Mal andersherum gedacht
von Jochen Steffens

Sie wissen, ich bin kein Freund von Verschwörungstheorien. Die meisten sind auch Unsinn. Aber heute werde ich das Logik-Pferd dennoch einmal von hinten aufzäumen und ein wenig „verschwörerisch“ argumentieren:

Ich finde es schon etwas seltsam, dass Irland zurzeit so im Mittelpunkt des Interesses steht. Irland will eigentlich keine Hilfen beantragen und behauptet bis Mitte 2011 finanziert zu sein: Wo ist also das Problem? China will Portugal aus der Krise helfen, also auch hier keine Probleme? Das kann man sicherlich alles diskutieren.  

Vielleicht hilft aber auch ein Rückblick auf den G20-Gipfel. Schon im Vorfeld war klar geworden, dass die USA weiterhin die Geldschleusen offen lassen wollen. Das offizielle Argument der USA lautet: Wenn es den USA gut geht, geht es dem Rest der Welt auch gut. Das stimmt natürlich, aber die Sache hat doch einen Haken: Wenn der Dollar durch die Maßnahmen der Fed weiter abwertet, werten die anderen Währungen auf. Das verschlechtert deren Exportchancen. Und hier reagieren gerade exportorientierte Länder natürlich mit Ablehnung.

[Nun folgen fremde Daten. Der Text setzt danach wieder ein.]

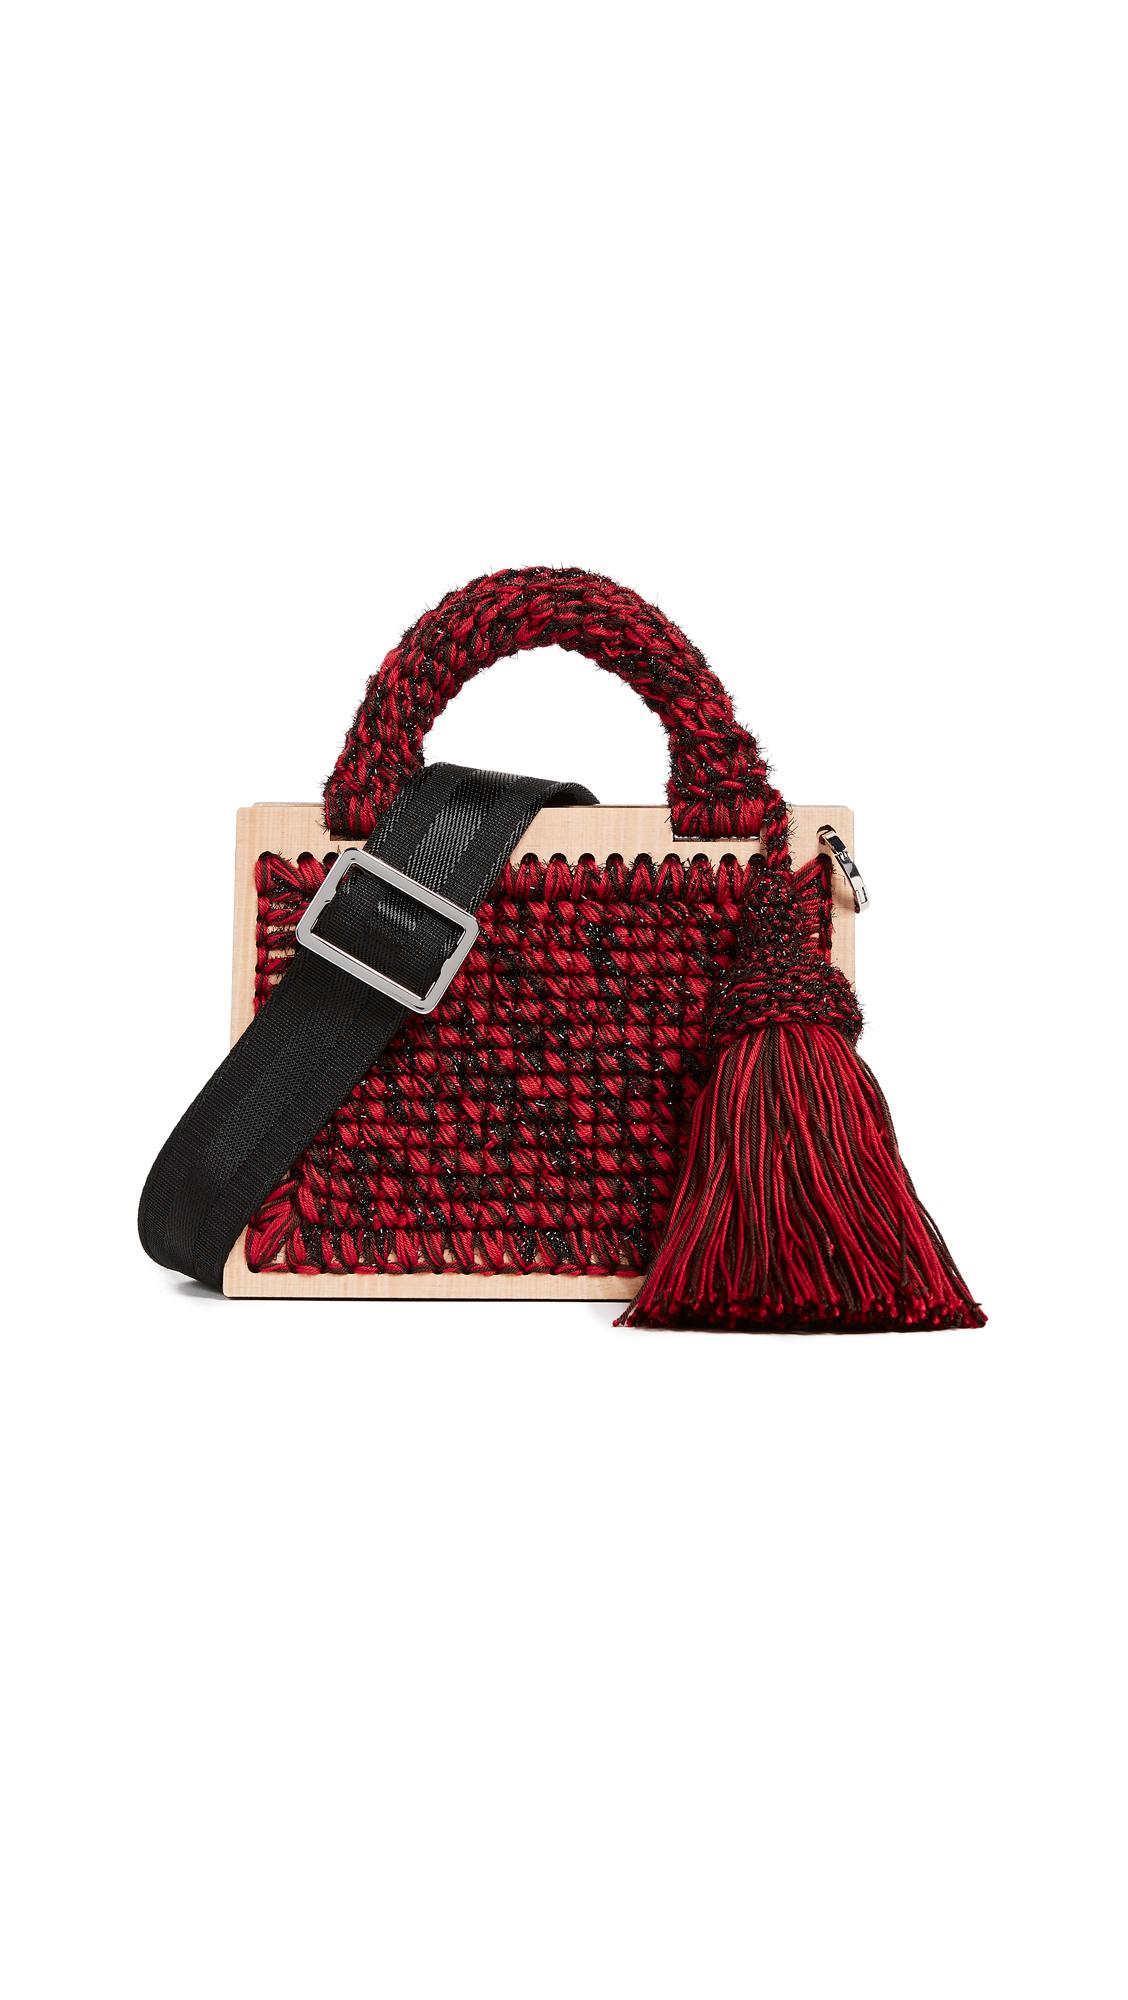 0711 Madame Tardieu St. Barts Purse - Red/Brown/Black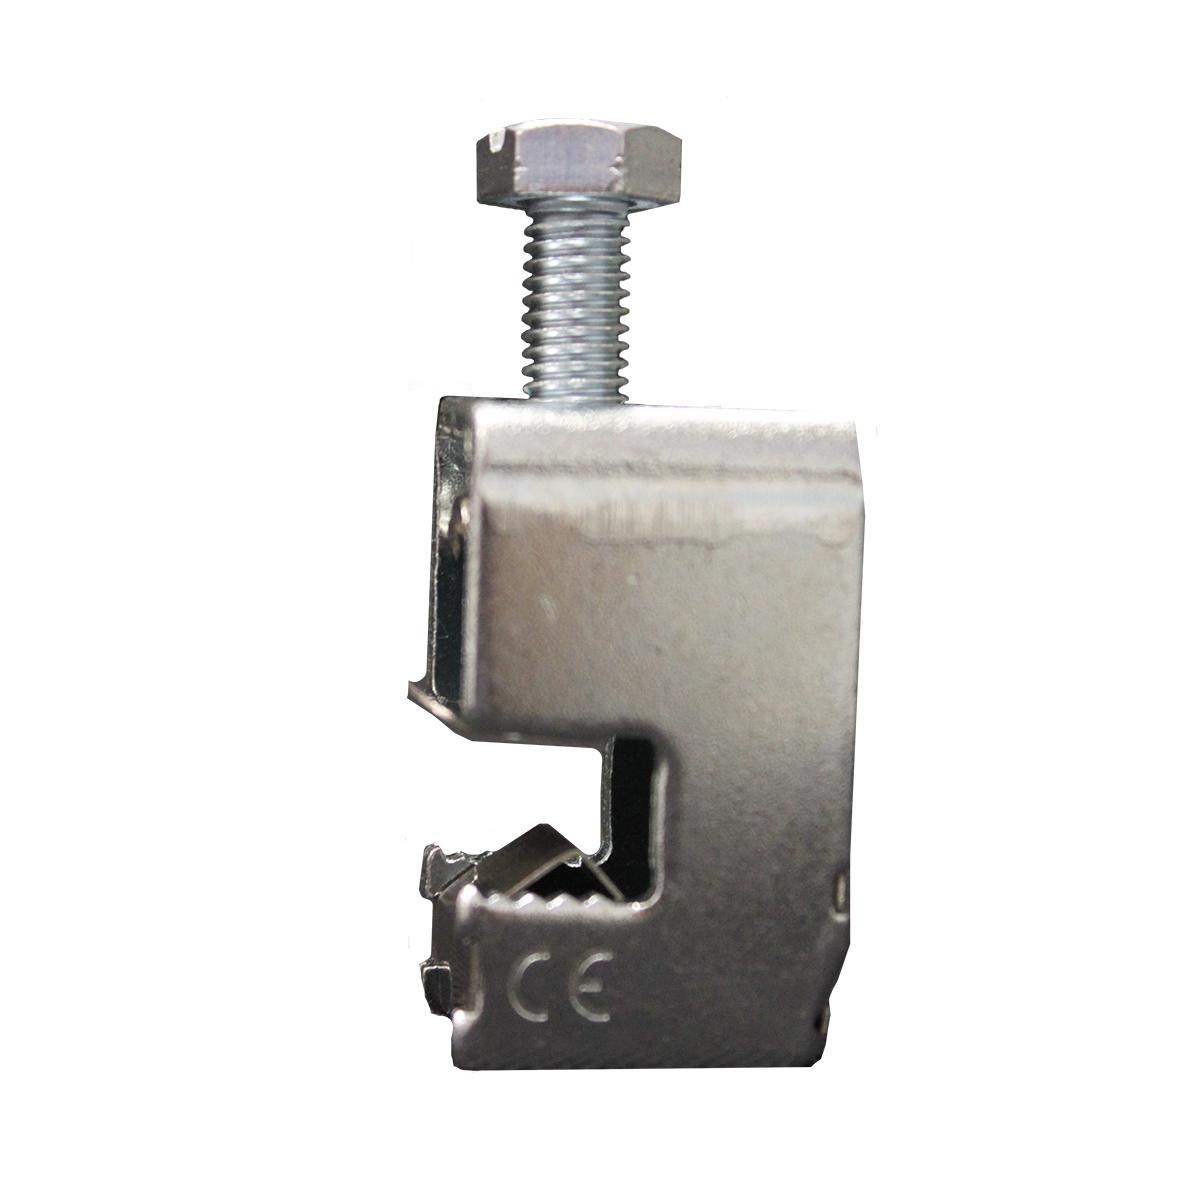 1 Stk Alu-Kupfer-Leiteranschlußklemme 50 -185mm² / 10mm² IS5051810-

Starker Euro gleich Belastung für die PIIGS

Aber das ist nicht alles. Der Euro ist in den letzten Wochen und Monaten stark angestiegen. Gerade die sowieso schon angeschlagenen PIIGS-Länder werden diesen Anstieg direkt zu spüren bekommen. Und das ist ein Problem. Die EU kann einfach keinen steigenden Euro gebrauchen. Doch was ist zu tun?

Gut, man versucht es mit Gesprächen. Doch der G20-Gipfel hat offenbar keine Lösung gebracht. Und plötzlich spielt die EU wieder die „Problemkarte“. Und siehe da, es funktioniert. Kaum werden die Probleme Irlands mit medialer Macht unters Volk gebracht, sackt der Euro massiv ein. Die EU, die PIIGS-Staaten und allen voran natürlich Deutschland sagen: Danke!

Ist es nur Zufall, dass das erneute Aufkommen der Probleme in der EU mit dem G20-Gipfel zusammengefallen ist? Also mit der Weigerung der USA, die lockere Geldpolitik aufzugeben?

Ein Schelm, wer hier an Absicht denkt…

Der internationale Währungsstreit ist entgegen der Beteuerungen der Beteiligten einfach in vollem Gange – das ist das, was ich bereits vor Monaten hier geschrieben hatte, lange bevor das in den Medien diskutiert wurde. Doch die Mittel, mit denen dieser Währungsstreit geführt wird, scheinen den Medien nicht bewusst zu sein. Wie gesagt, Europa drückt gerade mit aller Macht auf die Tränendrüse, um den Euro zu schwächen.  

Schwacher Dollar gleich Inflation in China

Der eigentliche „Währungskrieg“ findet aber an einer ganz anderen Front statt. China nutzt die Kopplung des Yuans an den Dollar, um sich massive Export-Vorteile auf dem Weltmarkt zu verschaffen. Das bedeutet aber: Sinkt der Dollar, sinkt auch der Yuan.

Und damit bekommt auch China Probleme: Der schwache Yuan verursacht über steigende Rohstoffpreise direkt eine importierte Inflation. Gleichzeitig führt er über die Wettbewerbsvorteile auf dem Weltmarkt zu einem starken Wirtschaftswachstum, welches ebenfalls die Inflation antreibt. Kurz, China bekommt gerade ein erhebliches Inflationsproblem.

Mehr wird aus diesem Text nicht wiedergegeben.